How is this the easy way out?  How is being told exactly what to do, and when to do it, without any additional information on the hows and whys over years and years, the hard way?

Not only that, but when school is over (and for a lot of us, during school).....we are also in the trenches.  Learning what Book Smarts translate to Real World Smarts.  An assistant's 5 years of experience is not more difficult or more special than a credentialed Tech's 5 years of experience.  They're both 5 years of experience, both "in the trenches."  So how does the argument work?

It doesn't.

We, as C/R/LVTs, are literally being shamed for making our dedication to our career legal and responsible, and putting ourselves in a position to provide our patients and DVMs with the best possible start to our career.

The fact of the matter is this.  As with all things in life, you get out of it what you put into it.  There will be amazing assistants that I would trust to care for my pet, because I know that have gone to IVECCS/AVMA/WVC/AAHA symposiums, absorbed any and all information, and most importantly....they know what they don't know.  Because those people are amazing.  I trust that if anything was to happen, they would alert the DVM or the LVT, and go from there.  I know that they would ask questions.  Provide a sounding board.  Be a great assistant.

It's the people who don't know what they don't know, the people who insist that veterinary medicine doesn't need credentialed, legally responsible Vet Techs that I am worried about.  I know many of these people, and some of them are DVMs or DVMs in training.

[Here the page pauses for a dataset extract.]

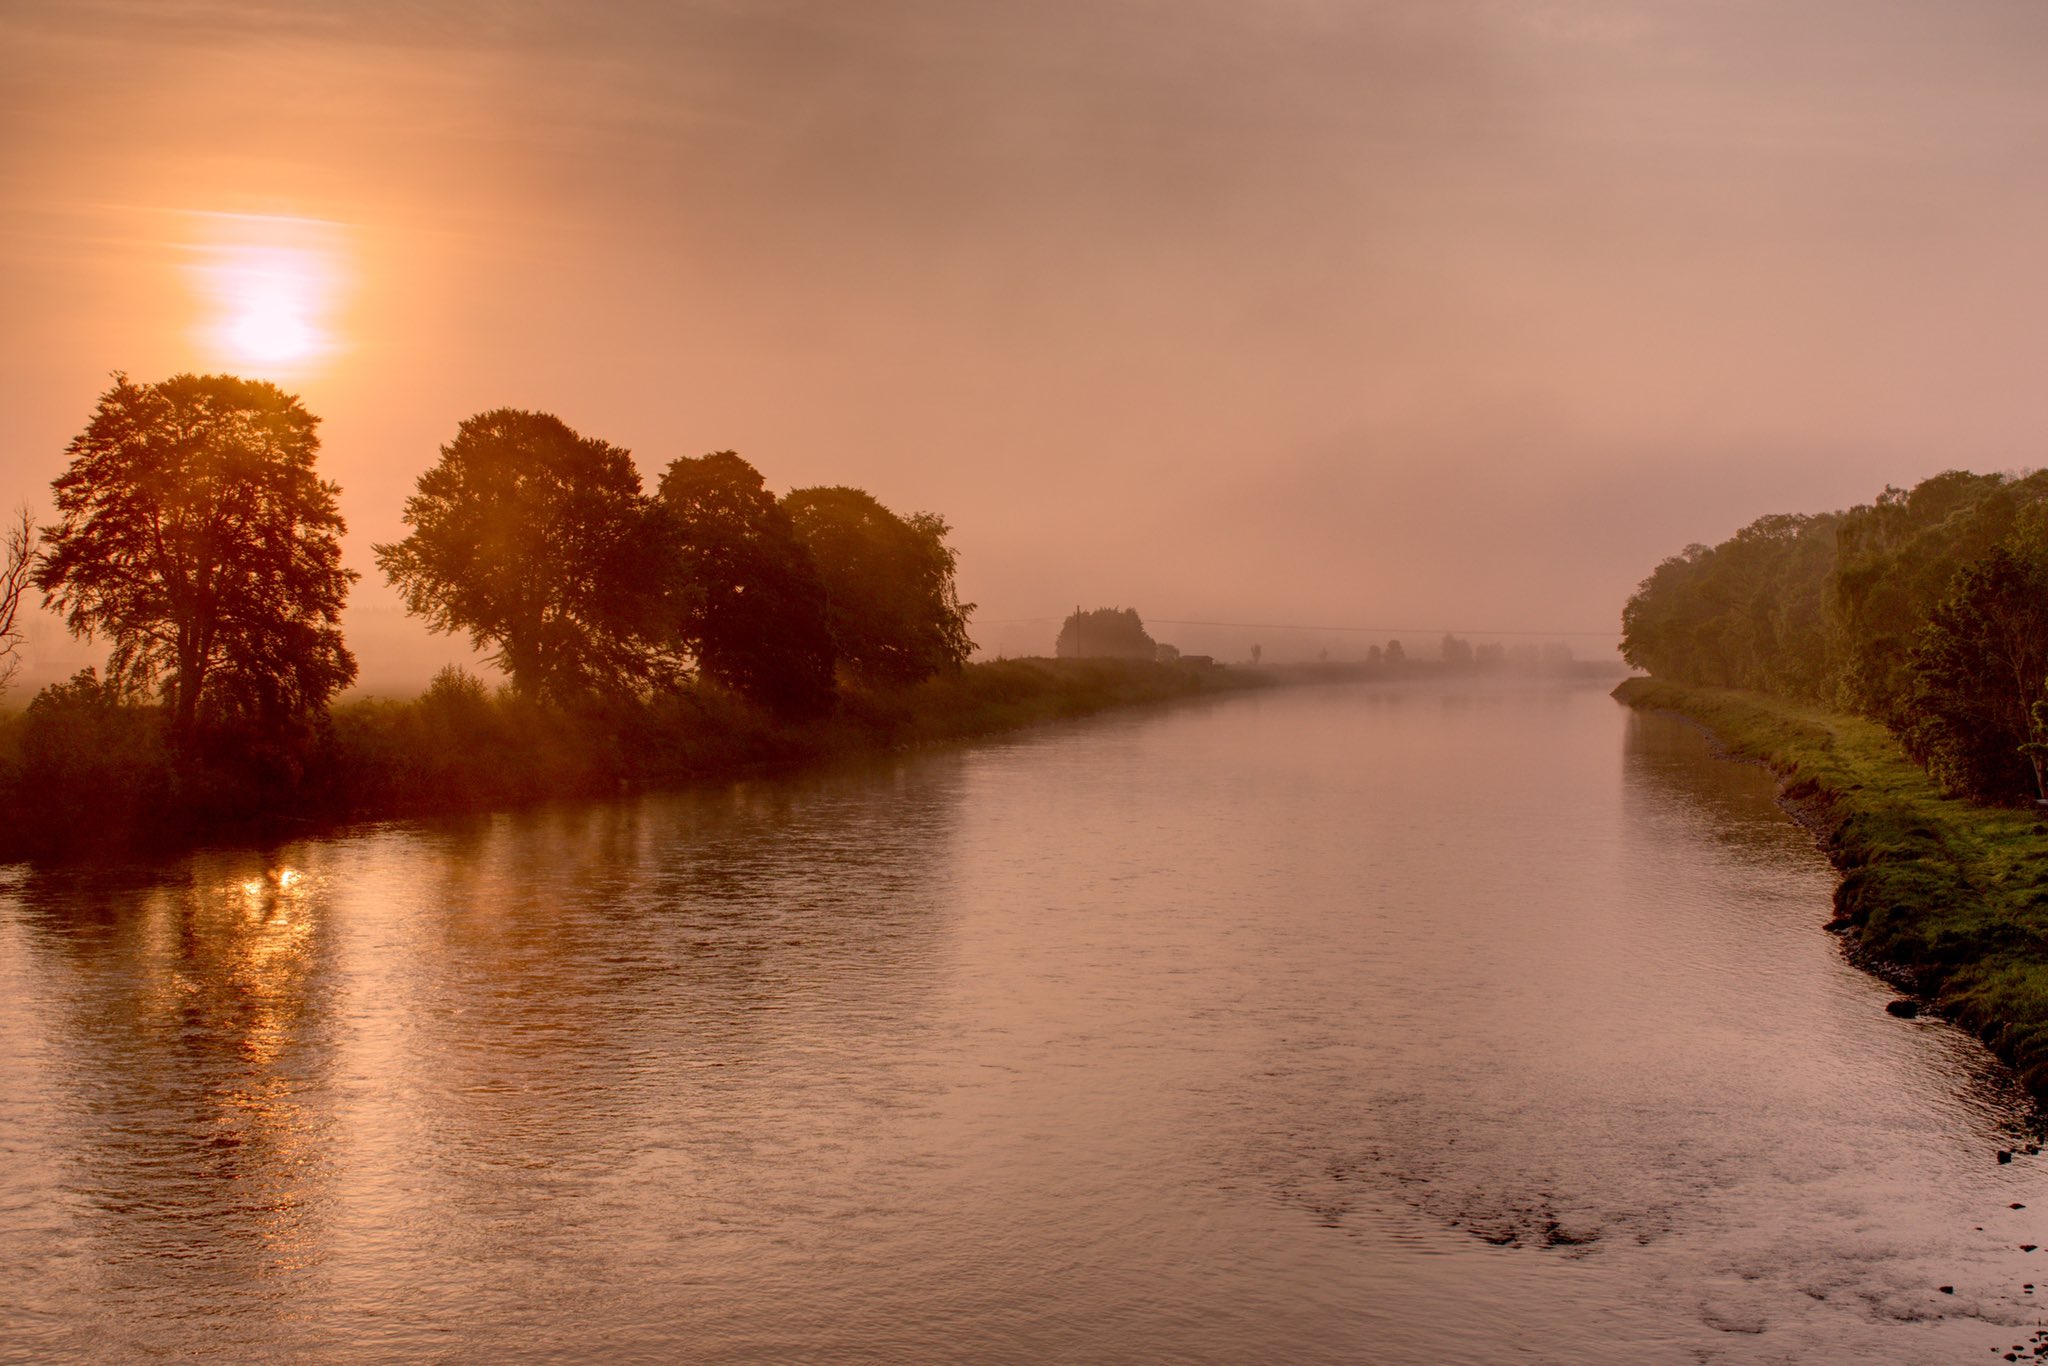 3rd Place A misty early morning over the River Tay by Roy Jacobs @woodiechef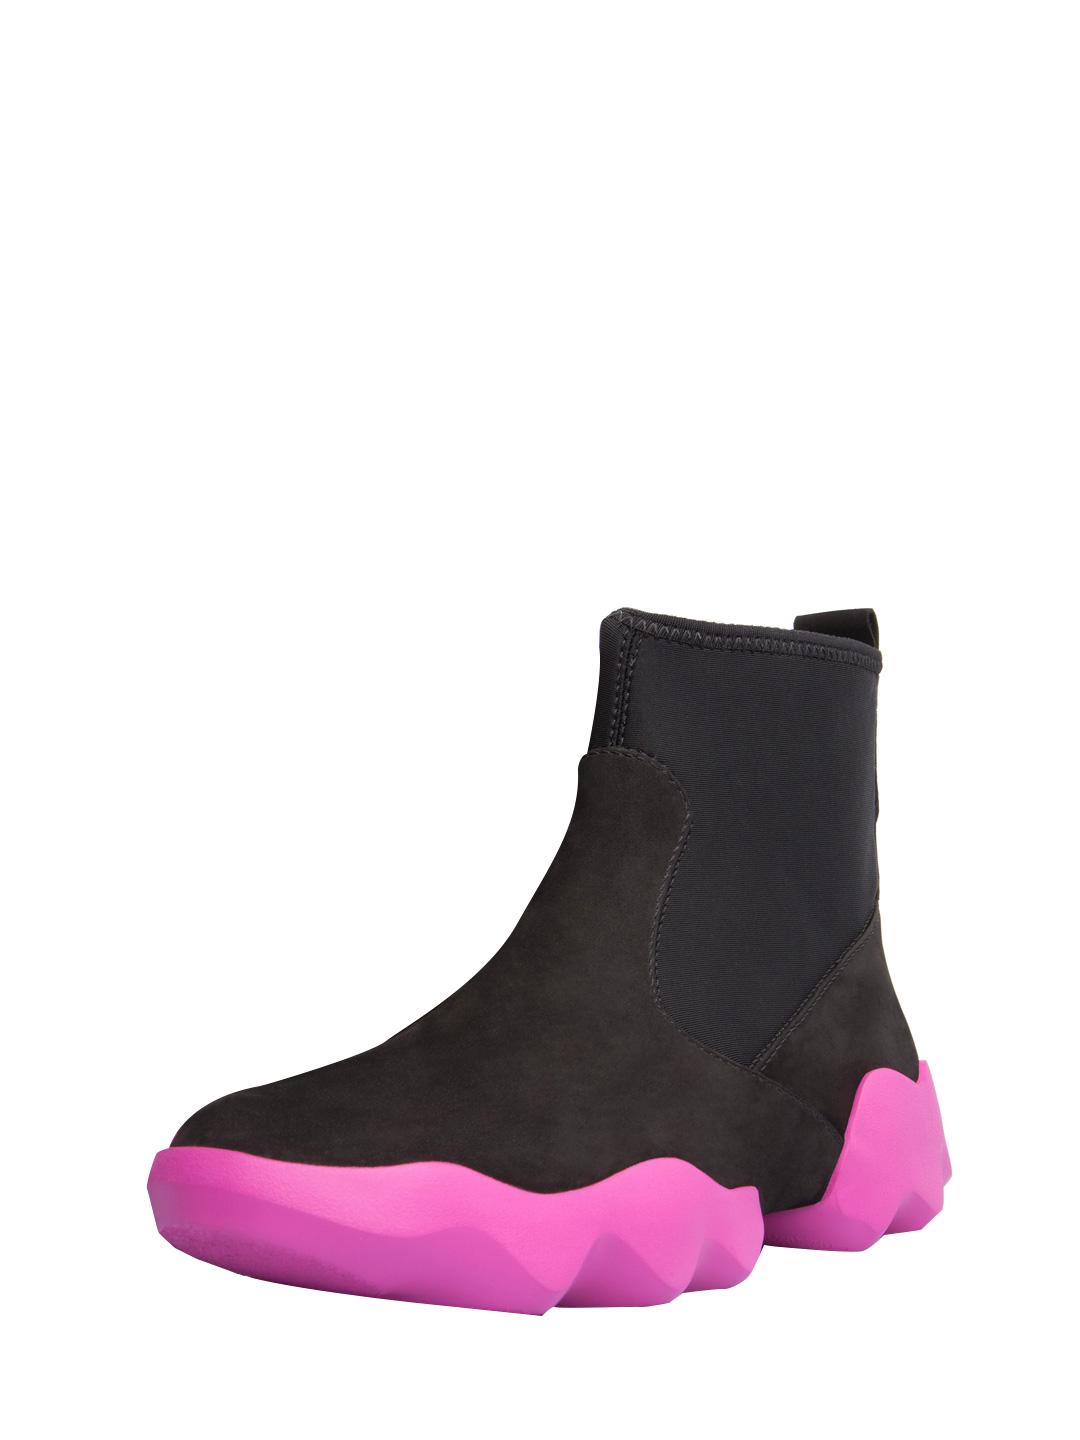 Manhattan Banket tempo Camper Leather Dub Contrast Sole Ankle Boots in Black/Pink (Black) - Lyst

Veterinarians rely on their LVTs to provide a checks and balances system for the clinic.  No one person, as godly as the DVMs seem to be, is perfect.  I am far from perfect, but I know that my DVMs appreciate when I discuss cases with them, and provide a different perspective.  I appreciate that my DVMs are open to discussion and teaching and having LVTs who want to learn.  I know for a fact that our patients have benefited from having multiple people on the case with educational backgrounds that cover the universal quality of care that is expected of Veterinary Medical professionals.